Intricate sand mandala created in exquisite detail at the even.  It is described as, a cosmic diagram that represents the dwelling place of a deity.

Intricate sand mandala created in exquisite detail at the event. It is described in Asia Life magazine as a “cosmic diagram that represents the dwelling place of a deity.”

It hardly has been my intention to keep writing about Buddhism (or to post so frequently), though an overwhelming proportion of Cambodia’s population practices it and Buddhism is the state religion.

But we coincidentally more or less stumbled upon our second event in three days that focused on Buddha.  I include it here mainly because of the photos.  In overwrought language, Asia Life magazine in part describes the “Festival of India” that we attended on Sunday as follows:

Hosted by the Embassy of India in Phnom Penh and the Ministry of Culture, Government of India, the event includes a Buddhist Festival, Buddhist-themed photo exhibition and Ramayana classical dance performance by the world-renowned Kalakshetra Foundation from Chennai.

The Ramayana is a great Indian epic that is similar to Cambodia’s Reamker. Different themes from chapters of the story will be retold to the audience in a stunning sequence of tales. These include Jatayu Moksham, Mahapattabhisekam and Choodamani Pradanam.

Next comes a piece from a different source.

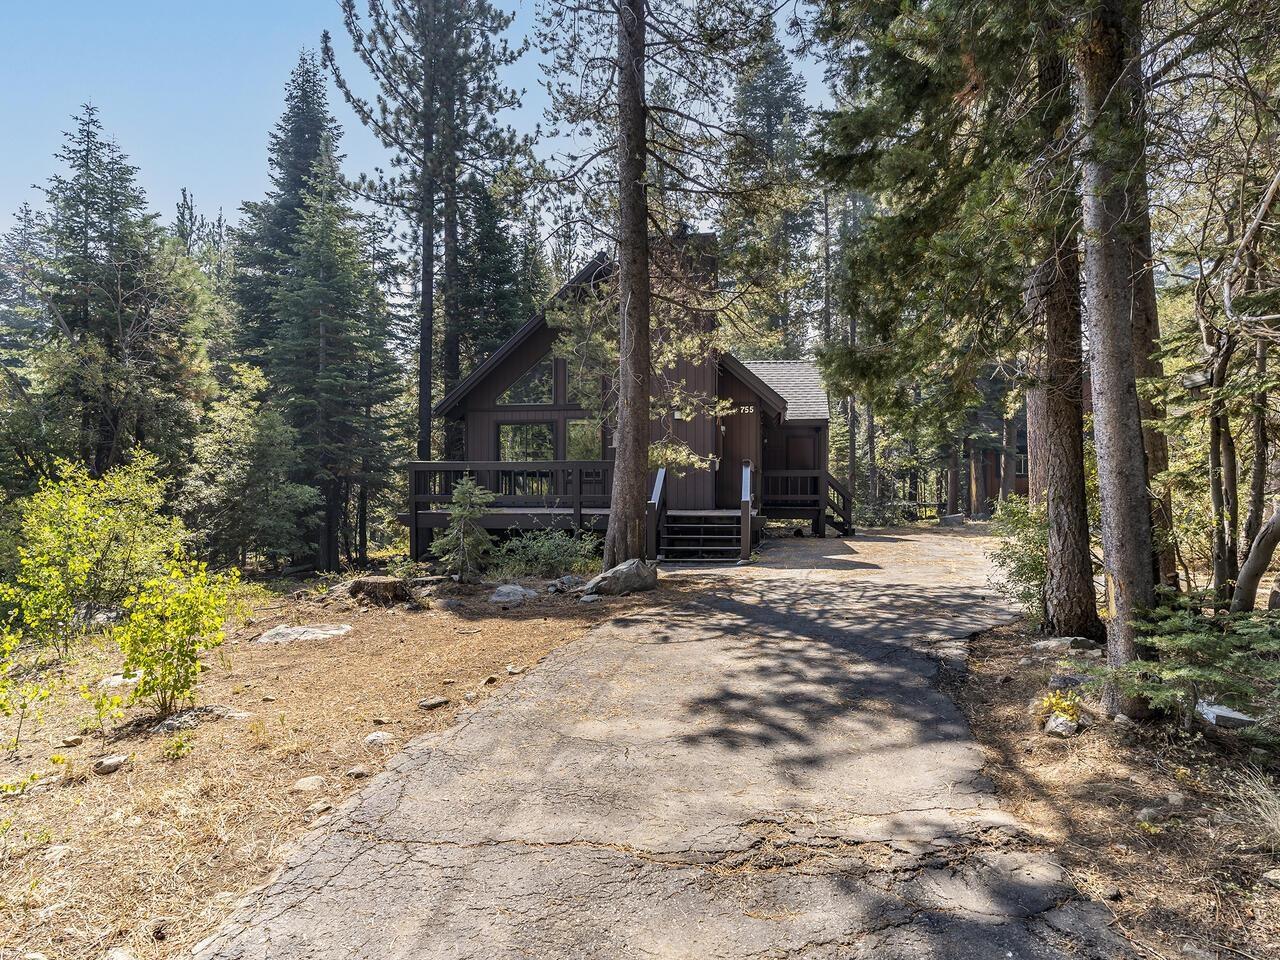 Image for 755 McKinney Creek Road, Homewood, CA 96141

The Buddhist Festival, which takes place at Wat Ounalum, features photo exhibition, Dharam Darshan, which explores and illustrates the life and teachings of Buddha. A fascinating exhibition of butter sculptures also takes centre stage. These sculptures are traditionally made out of coloured butter and shaped into multi-coloured pieces of art. They are offered to enlightened beings in exchange for peace, prosperity and good luck.

I had hoped to see the mandela and butter sculpture during the process of their creation, but that had happened earlier on a schedule that apparently wasn’t published.  Only after we arrived at the wat (temple) in the afternoon did we discover that the outdoor dance and music performance was to begin much later, at 5 p.m., and last for an hour.

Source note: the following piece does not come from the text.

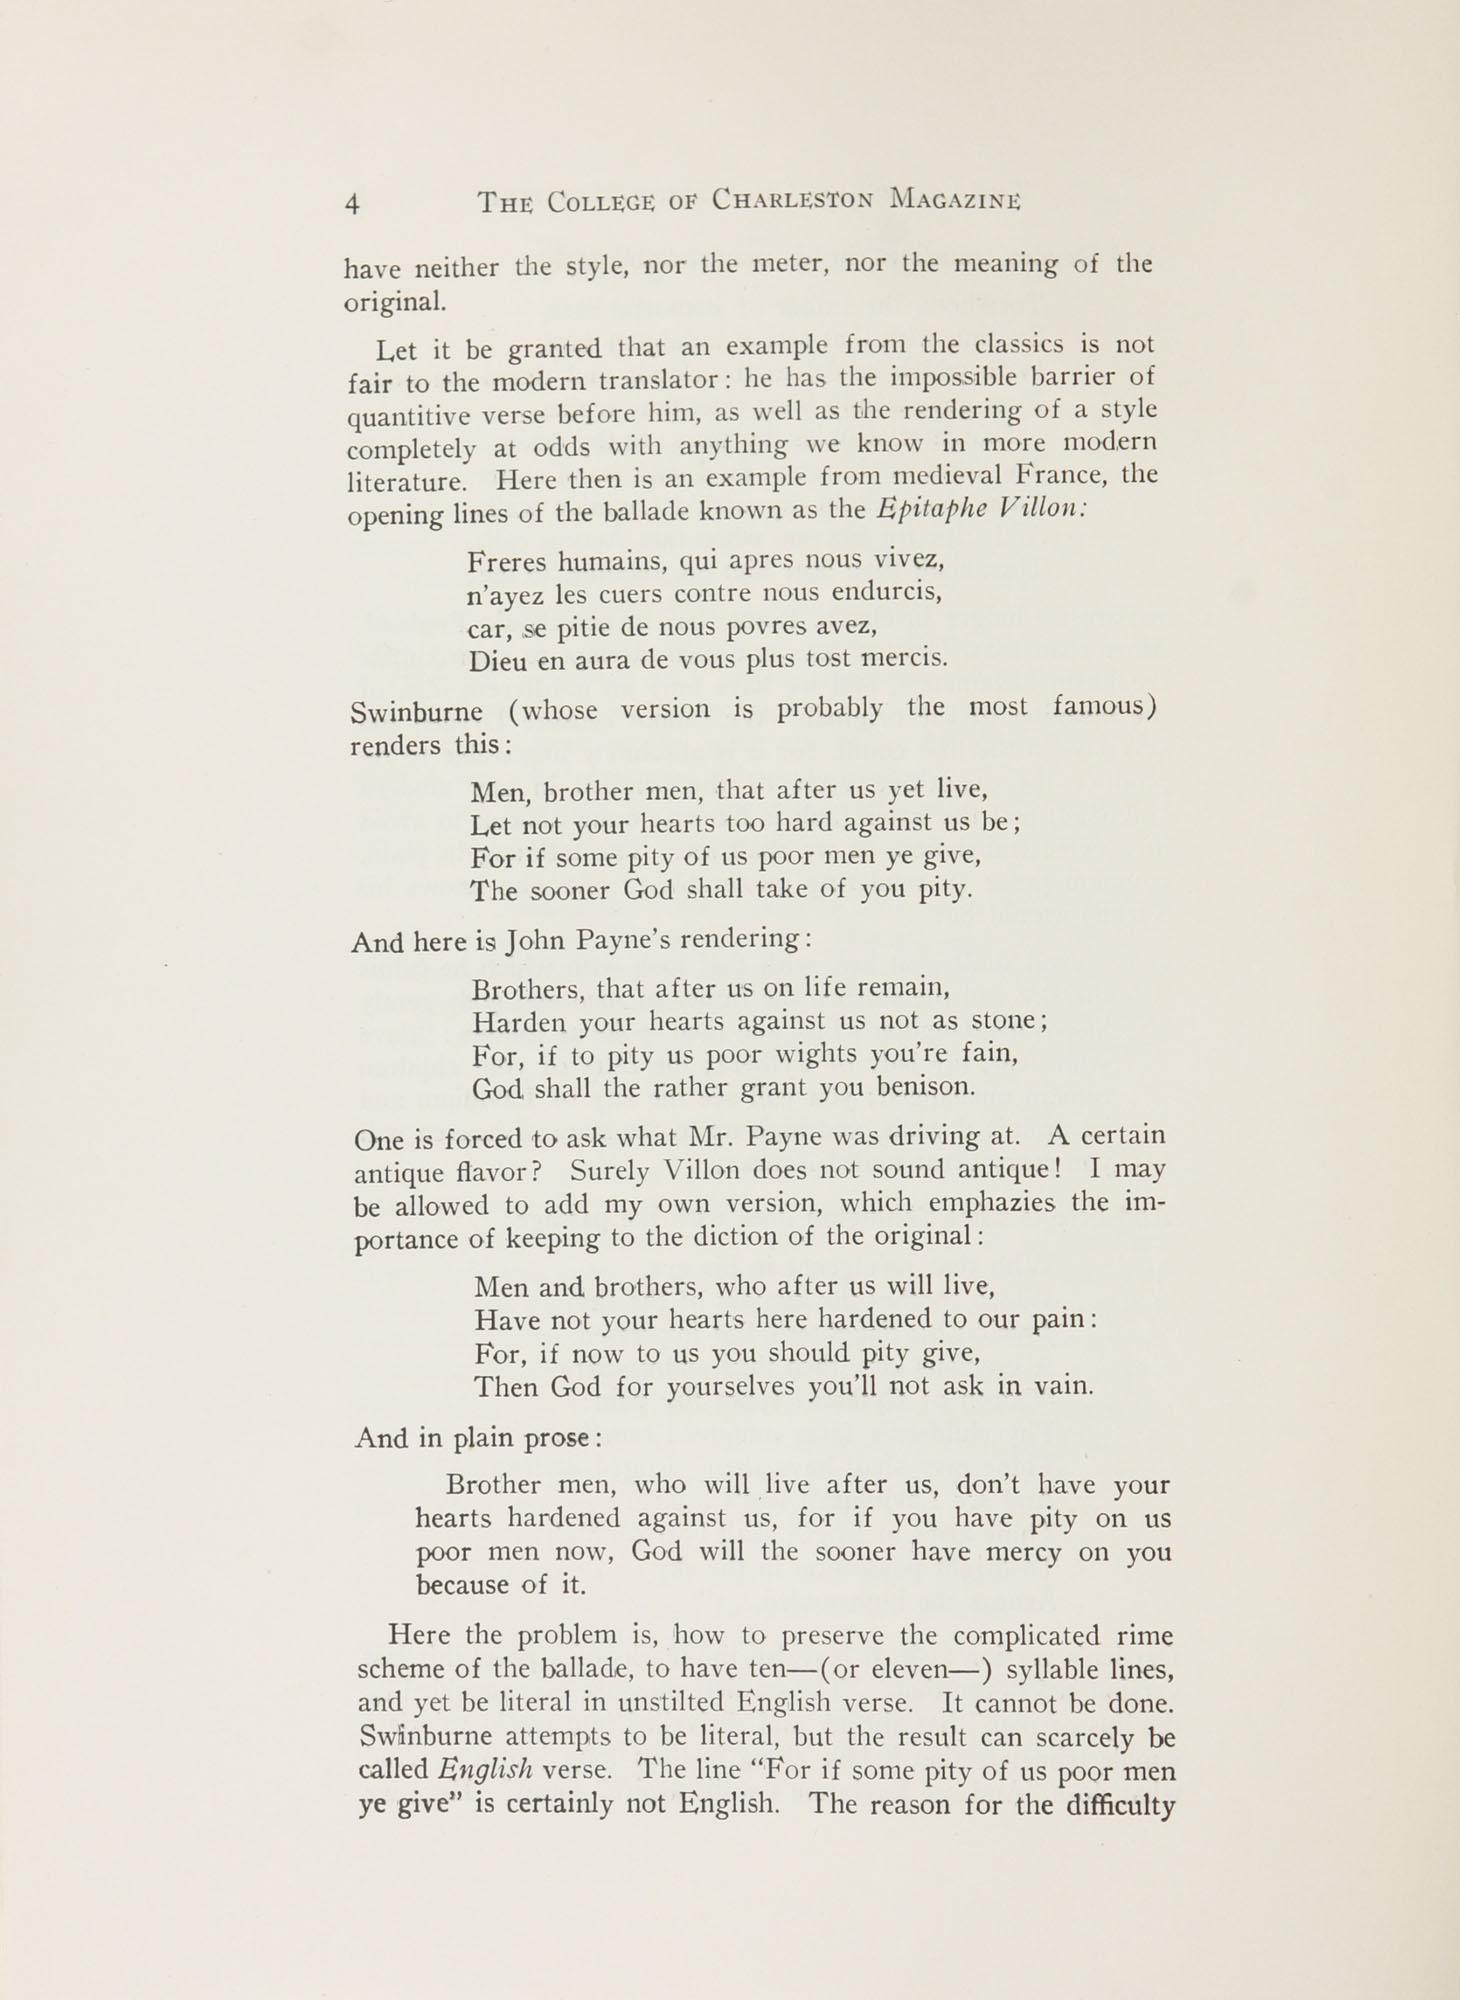 College of Charleston Magazine, 1941-1942, Vol. 45 No. 1, page 4

Dancers, of which there were several groups, descending the main temple at Wat Ounalum.

Dancers arrive by descending a steep staircase of the main temple at Wat Ounalum.

To pass the time, we hung around the Riverside neighborhood, which is peopled largely by thirsty expats and those who feed on them.  Call that a symbiotic relationship.

More dancers

A large number of monks seemed to enjoy the performances, and I earlier had my first conversation with a Cambodian monk, who pleasantly instructed me to remove my hat and shoes before entering the temple.  (I knew that and was pleased that it finally has become a little less intimidating for me to approach a monk.)

As for the rhythmic singing, it somehow was simultaneously intriguing and monotonous.  The music, both the voices and the instruments, sounded guttural to me, and I’ll be polite here by describing it as reminiscent of repeated belching at measured intervals.

The dancing eventually wore thin as well, seeming, as it did to our untrained eyes, to be mostly repetitious.

Sculpture composed of colored butter that, with a close-by fan directed at the creation, hadn't melted.

Sculpture composed of colored butter that, with a close-by fan directed at the thing, hadn’t melted.

Still, we sat there for a good hour and a half — yes, a half hour longer than advertised — before walking home even as the event continued.  I chalk up the time spent as a brief and illuminating journey into a different culture, and a mild adventure well worth having undertaken.

I hope you enjoy the photos.

These musicians were first to perform.  Unfortunately, the photo doesn't capture how long are the instruments at the far right.

These musicians were first to perform. Unfortunately, the photo doesn’t capture the full length of the instruments at the far right; how they were able to produce sound nonstop for many minutes confounds me.  If you’ve ever tried to force a bleat from a ram’s horn, then you can appreciate the feat.

This group of dancers was one of several, all of them fancifully consumed and masked telling stories we couldn't comprehend.

These two dancers were in one of several groups, all of them fancifully costumed and masked, telling stories that we had no hope of comprehending.